Décidemment, le méthaniseur aura toutes les vertus autrefois attribuées à la pierre philosophale: transformer en or brut, le biogaz, les boues des stations d'épuration, les viscères et les résidus non exploitables des volailles, bovins, ovins, sortant de l'abattoir, et maintenant le lisier des porcs. « Le plan gouvernemental algues vertes, informait un dossier de Libération le 28 juillet 2011, prévoit d'améliorer la connaissance sur ce phénomène (200000 euros), d'aider à la collecte des algues (700000 euros), de financer trois plateformes de traitement (8 millions d'euros), de soutenir une vingtaine de projets de méthanisation, ainsi que les agriculteurs, afin qu'ils changent leurs pratiques (16 millions d'euros) ».
Le Canard Enchaîné du 3 août 2011 n'a pas de mal à montrer les limites de cette dernière disposition et à ironiser: « Et pourquoi ne pas profiter du gisier de lisier breton pour fabriquer du biogaz? C'est la dernière grande idée de Sarko. Sauf qu'une usine de méthanisation qui tourne aux déjections de cochon produit en sortie plus d'azote et de nitrates que n'en recèle le lisier qu'elle consomme. Explication: tout l'azote et le nitrate se retrouvent dans un déchet liquide, lui-même enrichi par l'azote des végétaux qu'il a fallu ajouter pour augmenter le rendement. Résultat: en méthanisant le lisier, on risque d'augmenter les marées vertes! ».

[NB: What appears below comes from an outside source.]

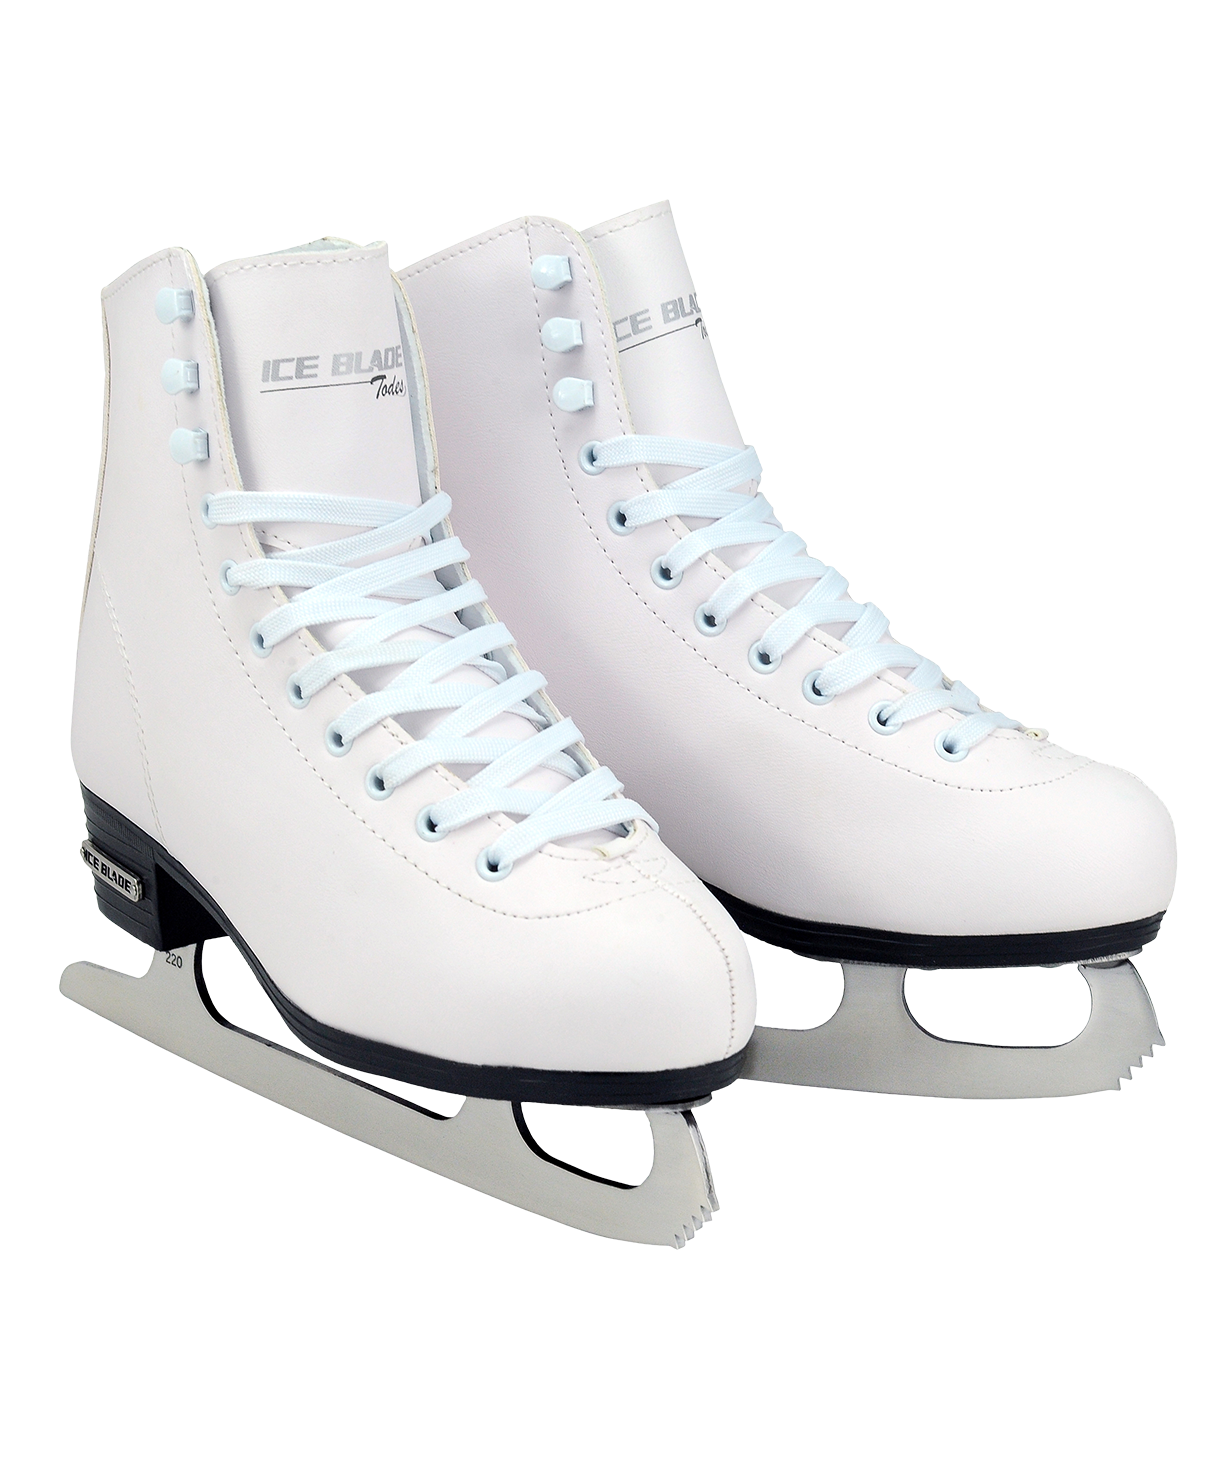 하얀 아이스 스케이팅 신발 PNG 무료 다운로드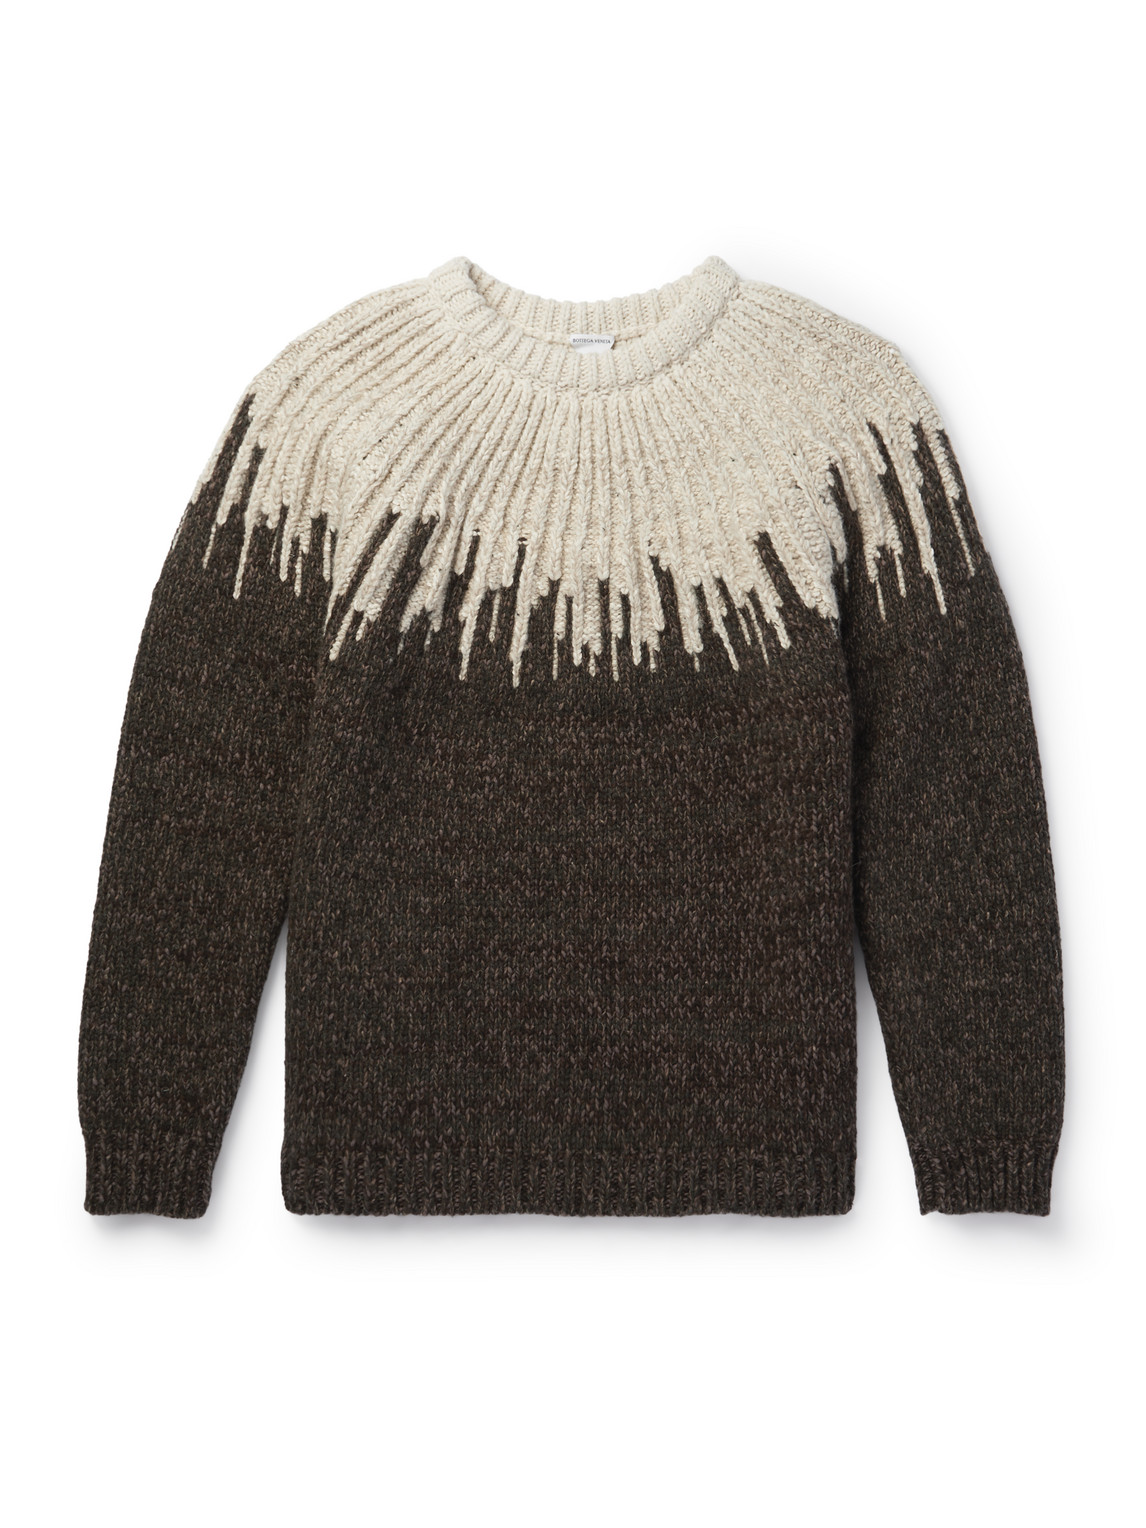 Jacquard-Knit Wool Sweater

Si le méthaniseur n'est pas la panacée pour lutter contre la pollution des eaux aux nitrates et des plages aux marées vertes, la seule solution, c'est un plan social résolu pour accompagner une restructuration de l'agriculture bretonne, une réduction de la taille des élevages et un retour à une agriculture moins industrielle, plus paysanne et durable.
Cela ne sera pas facile, si l'on en croit les élements d'information fournis dans l'excellent dossier de deux pages du Monde du samedi 20 août 2011.
En effet, l'hyperproduction est le modèle dominant de l'élevage breton depuis les années 1970 – la Bretagne produit 60% des porcs français (14 millions), 40% des oeufs (300 millions de volailles), 21% du lait (2 millions de bovins) – et cet élevage hors sol est à la base d'une économie plus rentable pour les abattoirs et les industries agro-alimentaires (chiffre d'affaire annuel de 18 milliards d'euros) que pour les agriculteurs bretons (avec « un revenu moyen inférieur à 12000 euros par an, ils sont parmi les agriculteurs les plus pauvres de France et reçoivent chaque année 600 millions d'euros d'aides de l'Union européenne », précise l'article du Monde).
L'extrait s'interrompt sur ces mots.